## [WORK INSTRUCTIONS]
Print nothing but the lines below starting at the line that holds "Eddie Izzard: Peace, peace, peace." and ending at the line that holds "HERREYS gruppo svedese", including both, each exactly as written.

[INFORMATION SHOWN — start]

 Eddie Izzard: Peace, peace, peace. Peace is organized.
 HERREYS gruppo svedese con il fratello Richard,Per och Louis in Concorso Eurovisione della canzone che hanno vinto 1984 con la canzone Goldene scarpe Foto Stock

[INFORMATION SHOWN — finish]
[INFORMATION SHOWN — start]

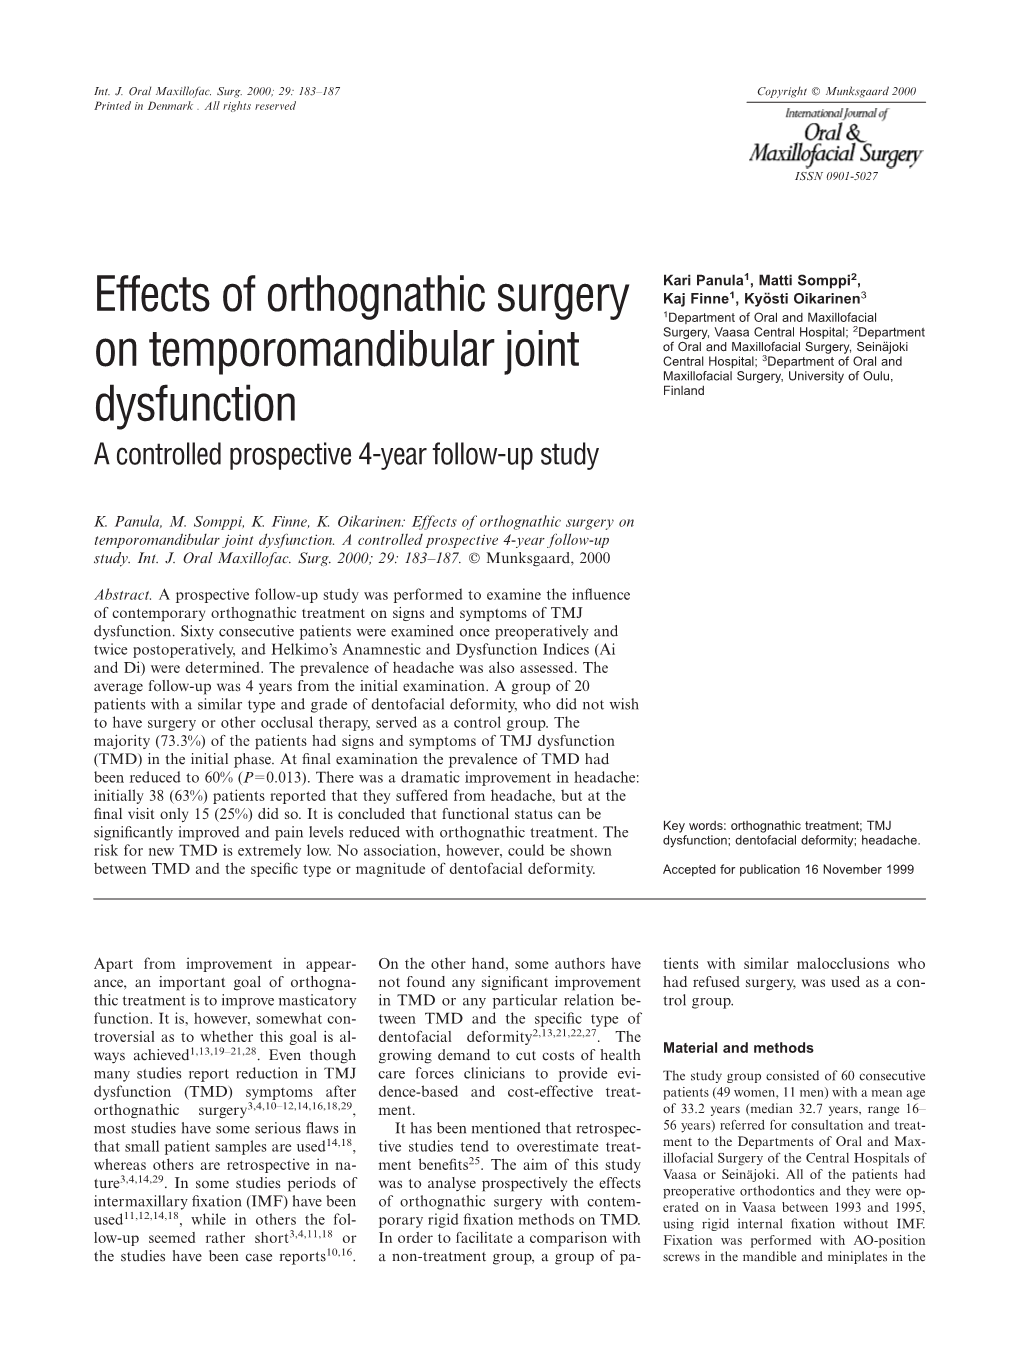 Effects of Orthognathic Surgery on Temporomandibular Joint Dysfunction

[INFORMATION SHOWN — finish]
[INFORMATION SHOWN — start]

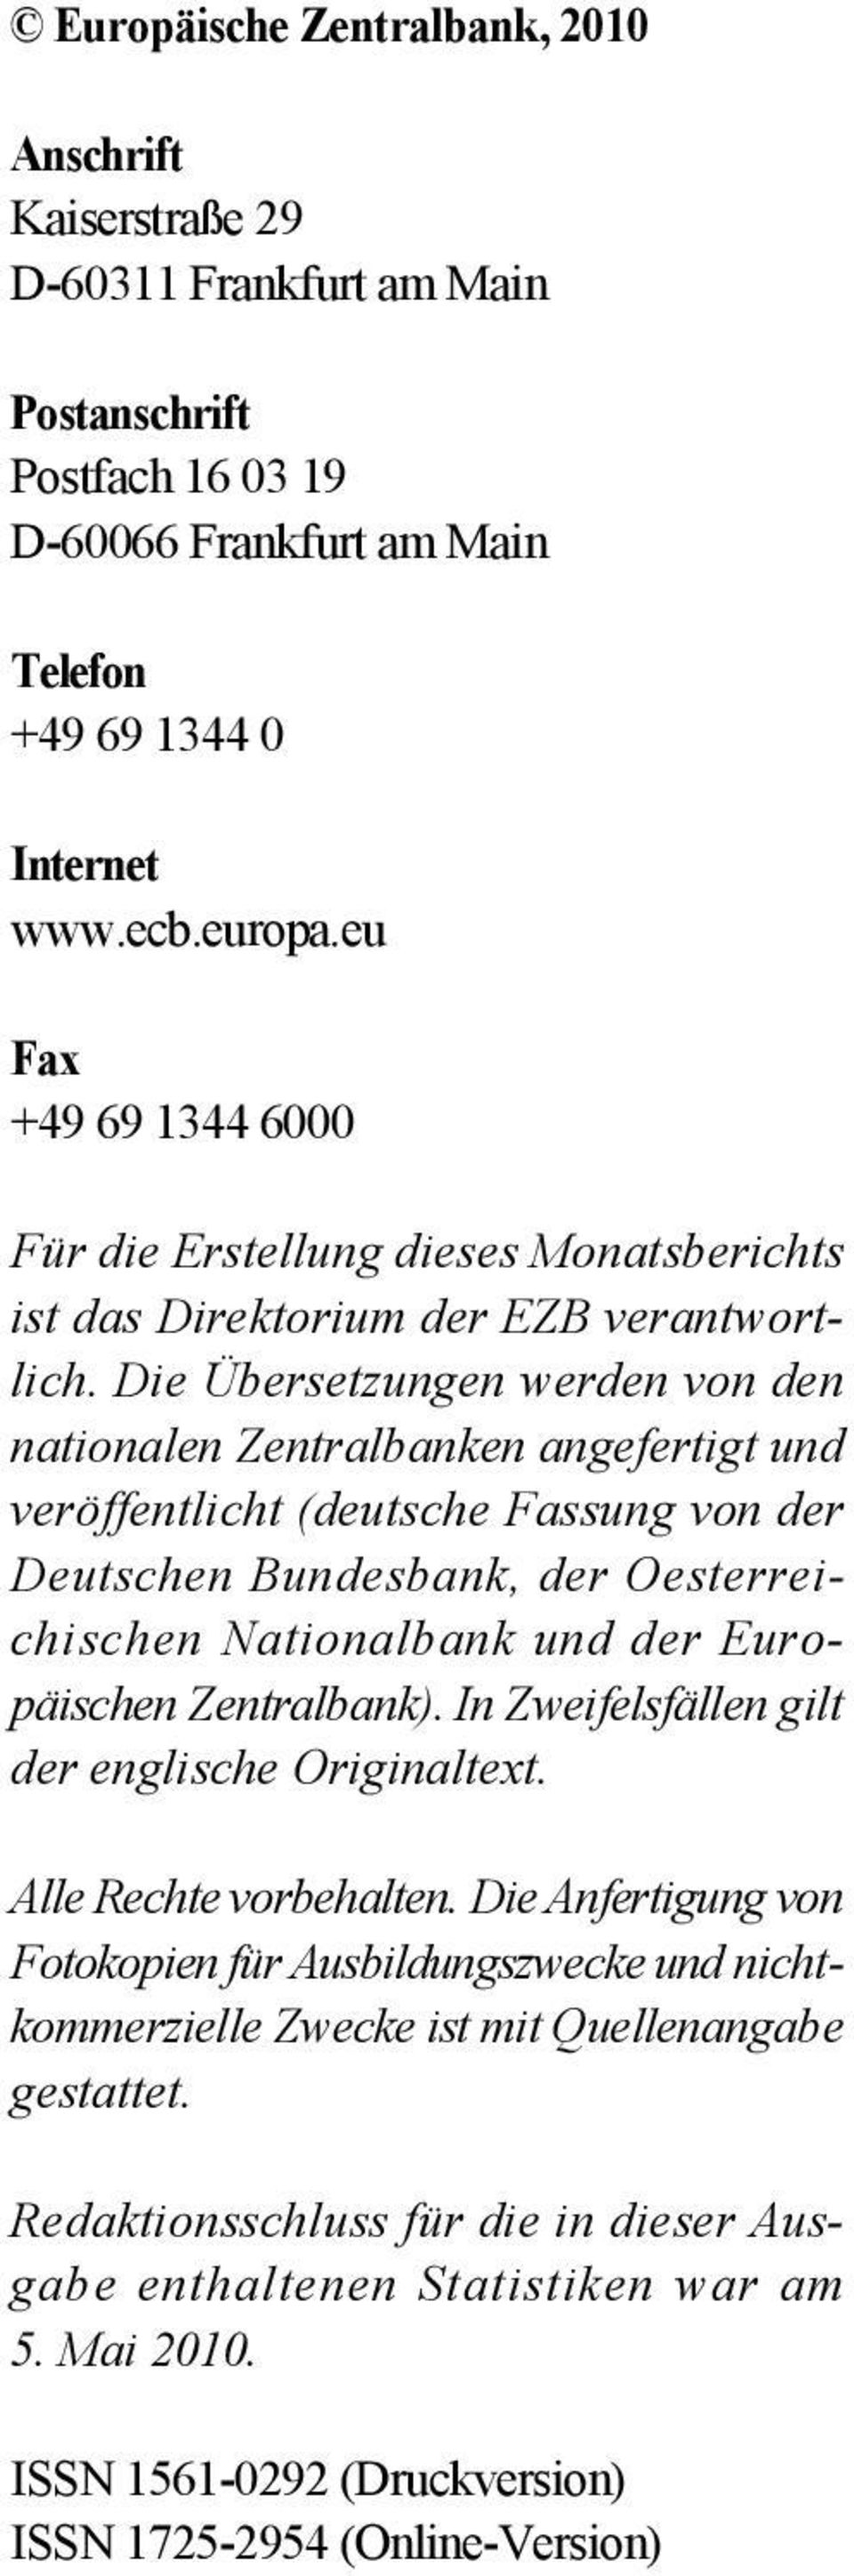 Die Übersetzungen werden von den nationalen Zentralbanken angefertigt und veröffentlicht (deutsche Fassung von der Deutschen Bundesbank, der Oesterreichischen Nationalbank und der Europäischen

[INFORMATION SHOWN — finish]

## [EXERCISE RESPONSE]
 Eddie Izzard: Peace, peace, peace. Peace is organized.
 HERREYS gruppo svedese con il fratello Richard,Per och Louis in Concorso Eurovisione della canzone che hanno vinto 1984 con la canzone Goldene scarpe Foto Stock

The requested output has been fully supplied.